DATA SEGMENT -
-------------------------
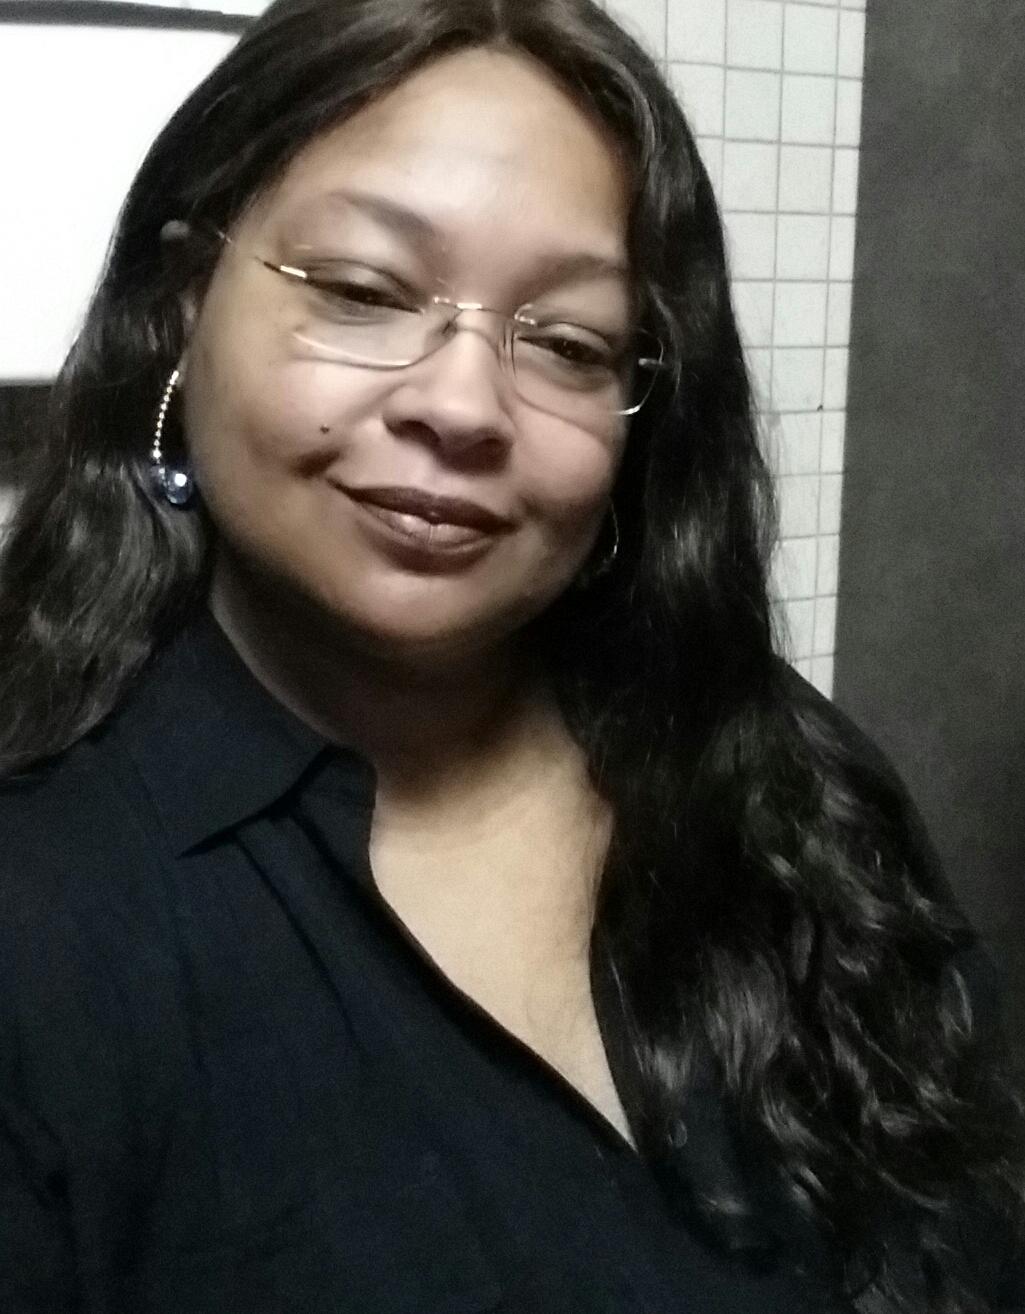 Glueless Full Lace Wigs Straight Indian Remy Hair  wwwBestLaceWigscom
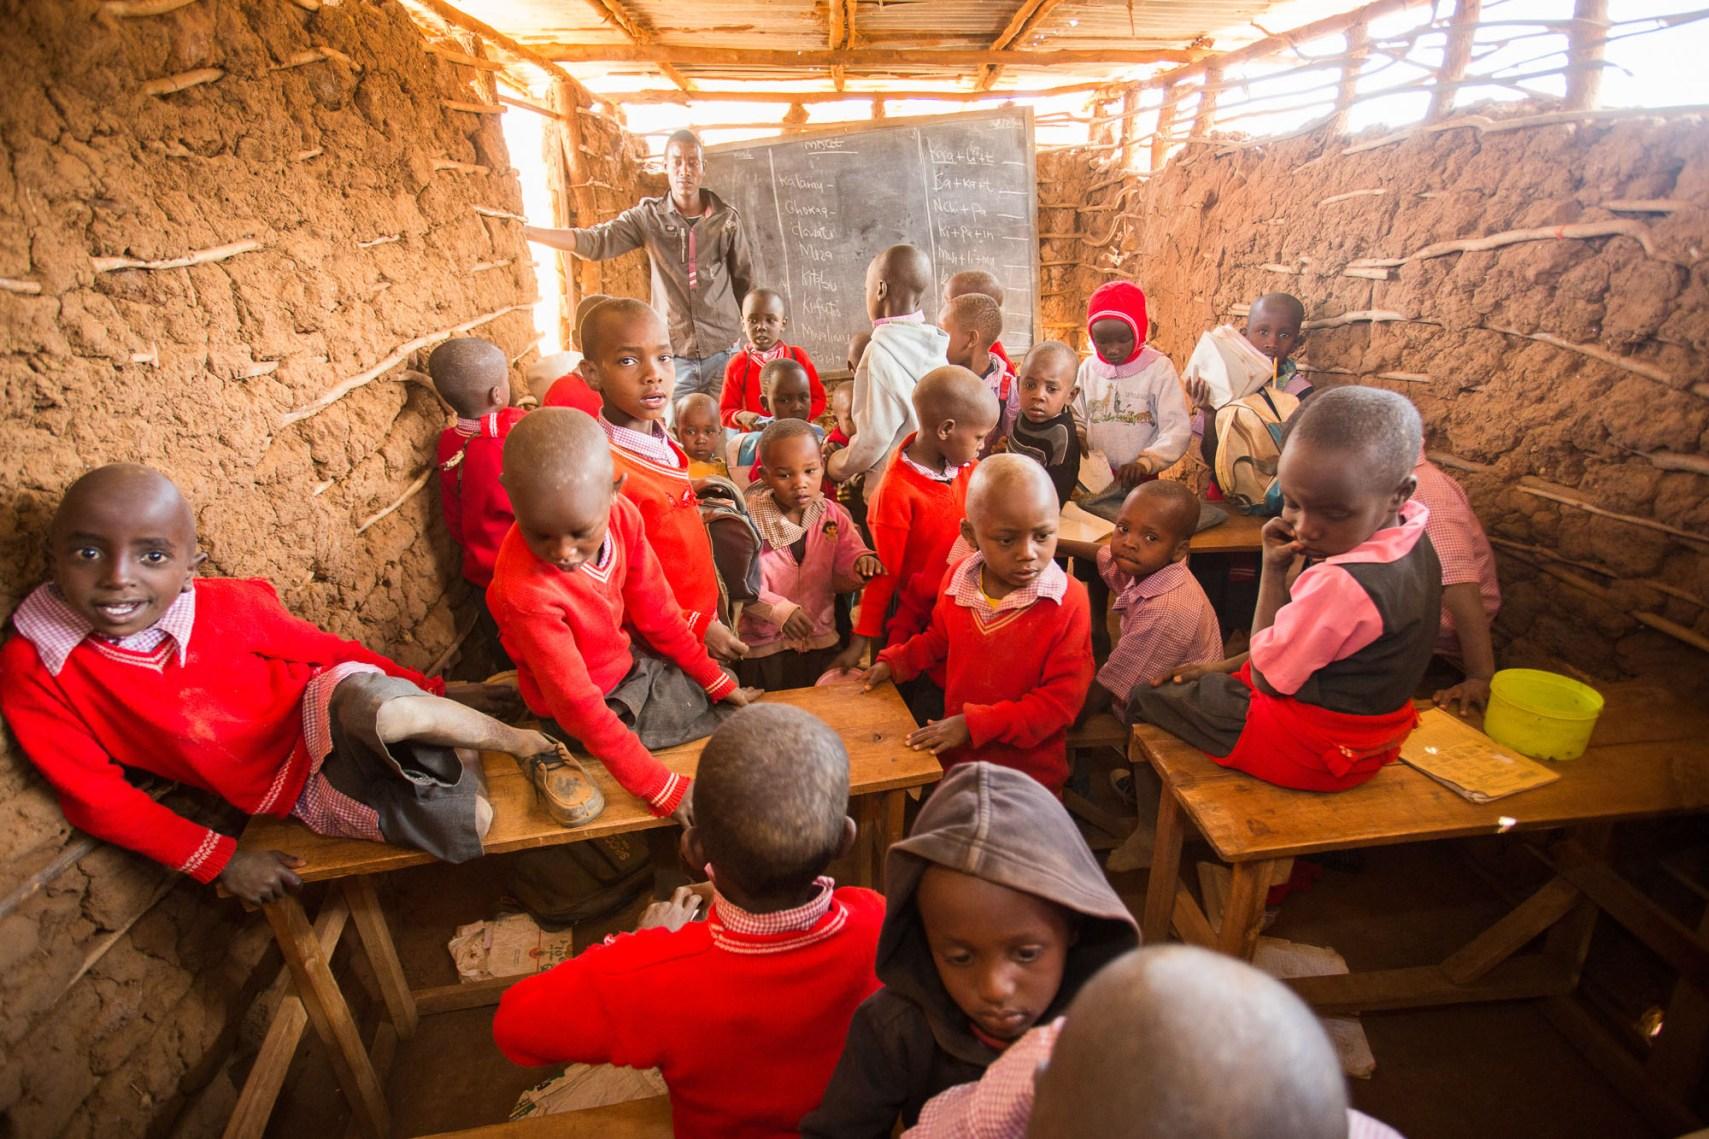 Students learn in a crowded classroom in Kajiado County, Kenya.
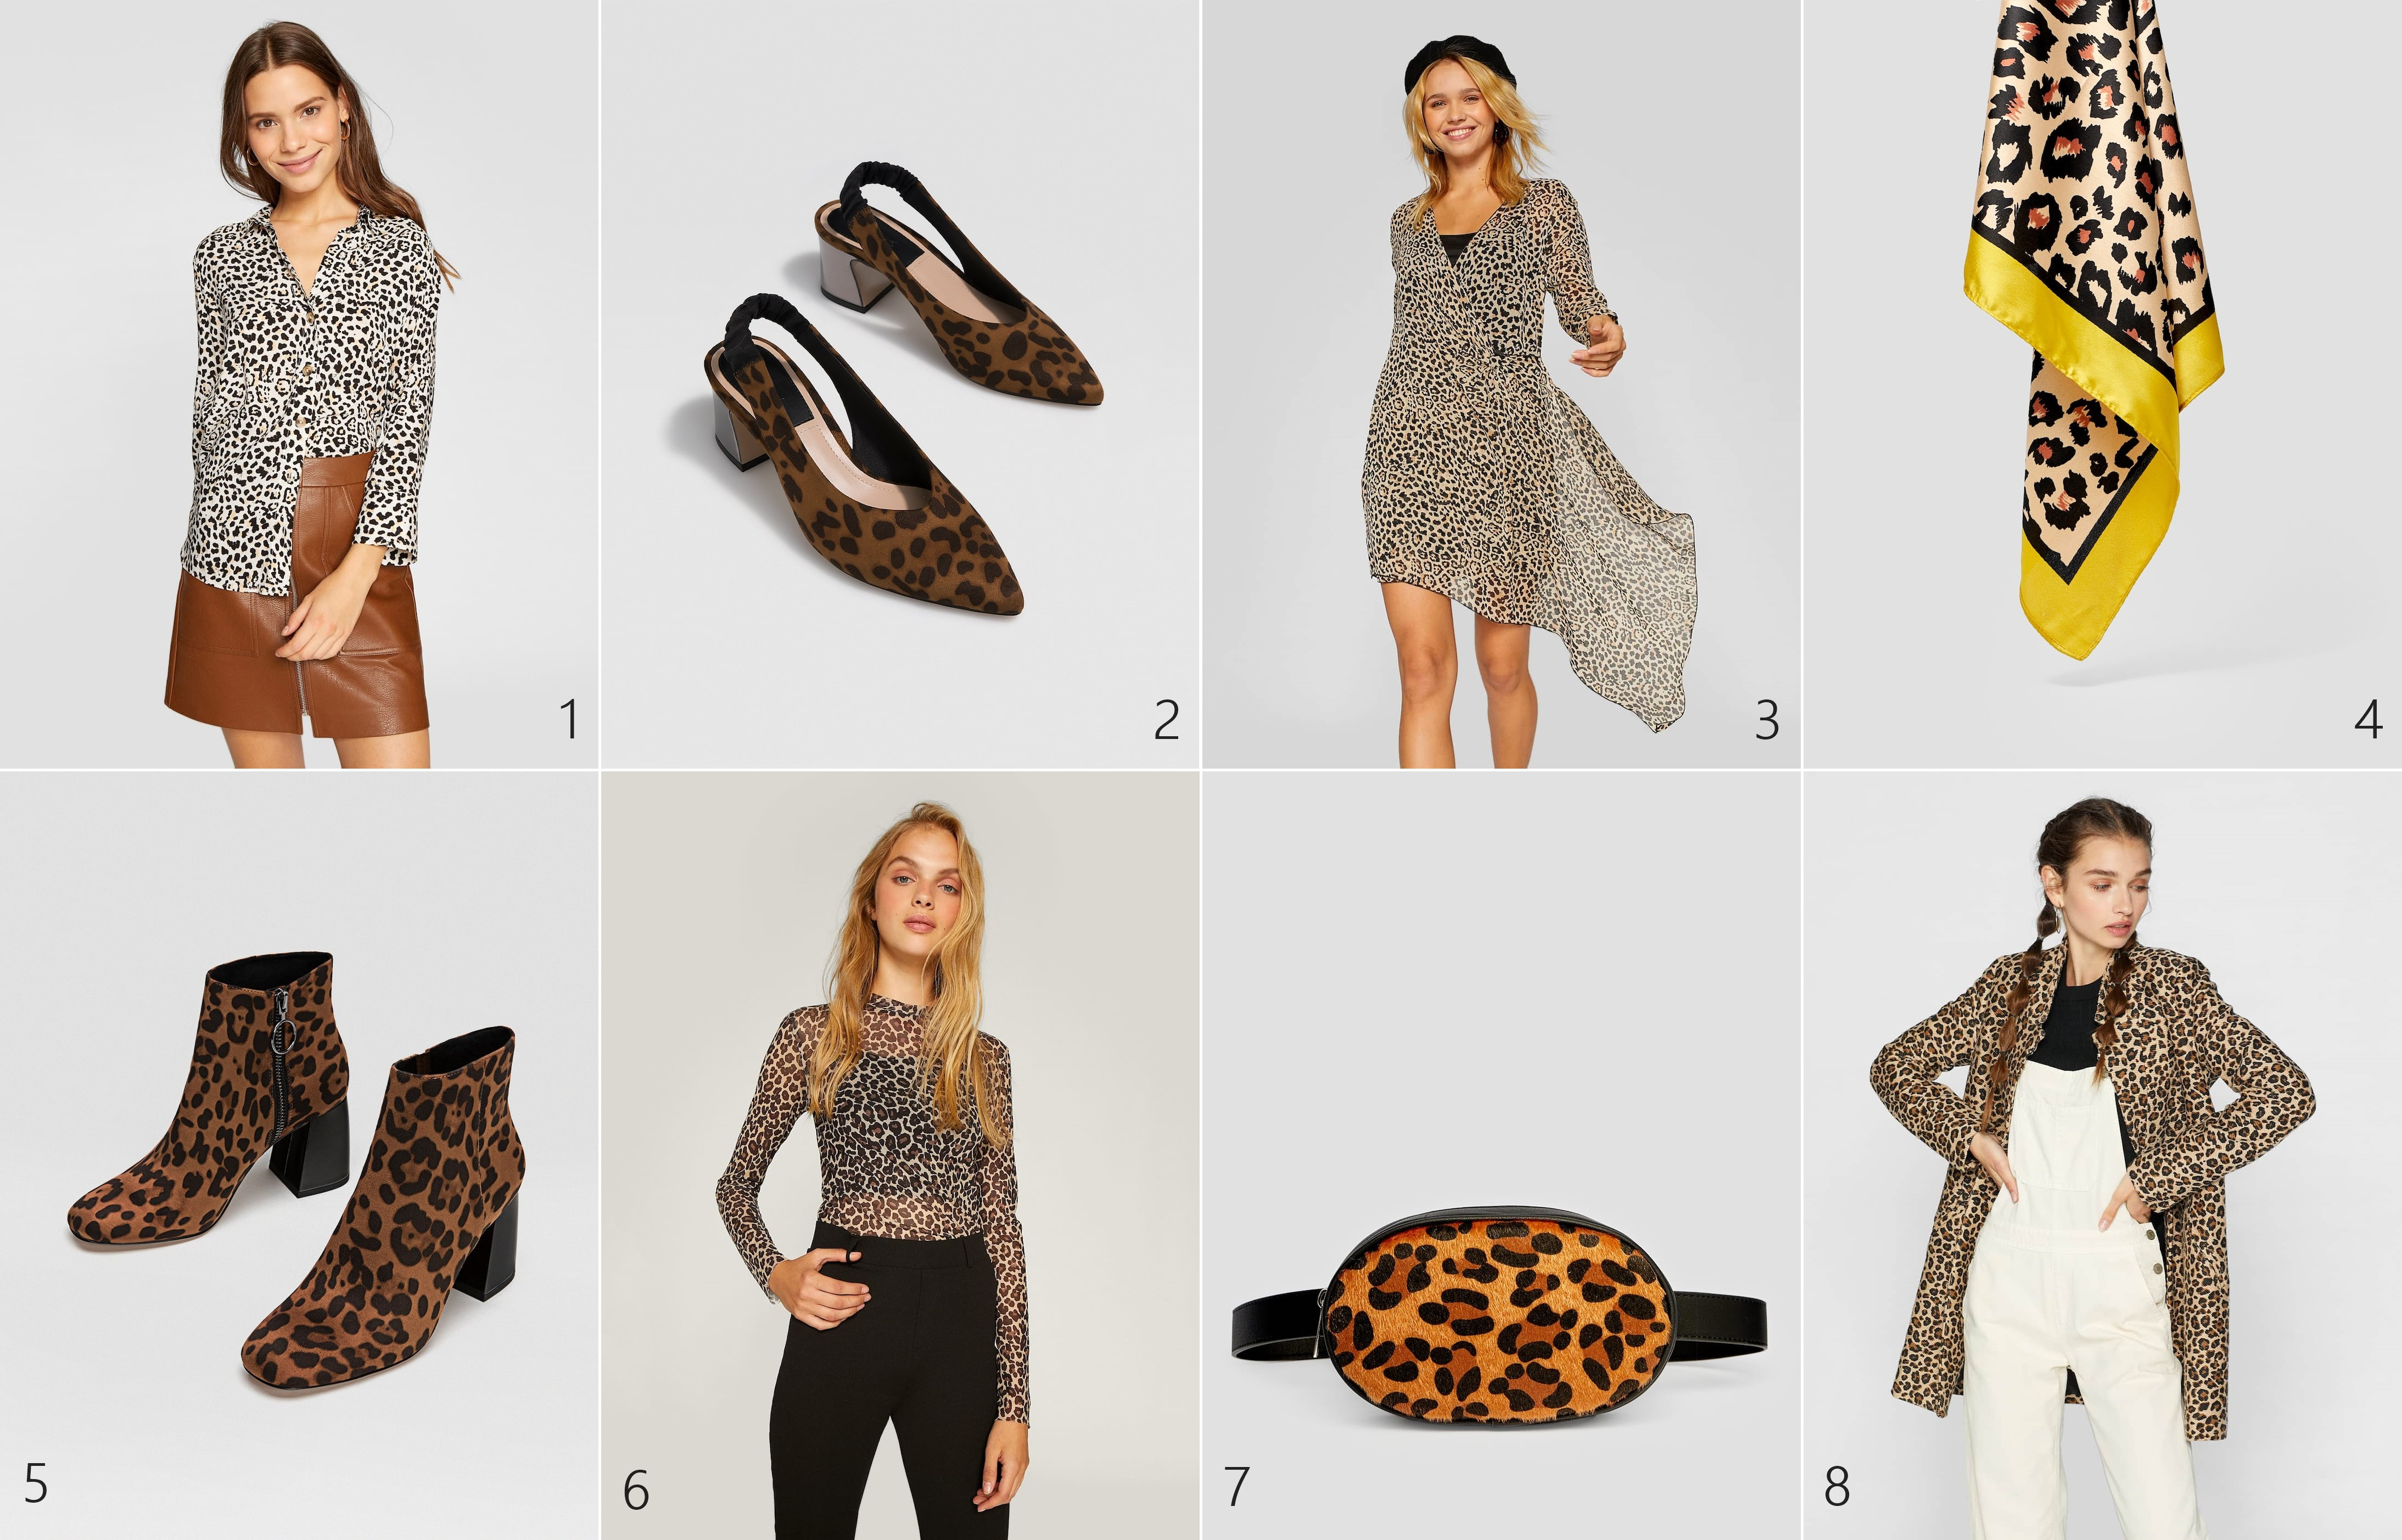 trend-alert-estampado-leopardo-stradivarius-01
-------------------------
EXERCISE AIM -
Please repeat all of the data exactly as it stands, leaving the pictures out.

YOUR RESPONSE -
 Glueless Full Lace Wigs Straight Indian Remy Hair  wwwBestLaceWigscom
 Students learn in a crowded classroom in Kajiado County, Kenya.
 trend-alert-estampado-leopardo-stradivarius-01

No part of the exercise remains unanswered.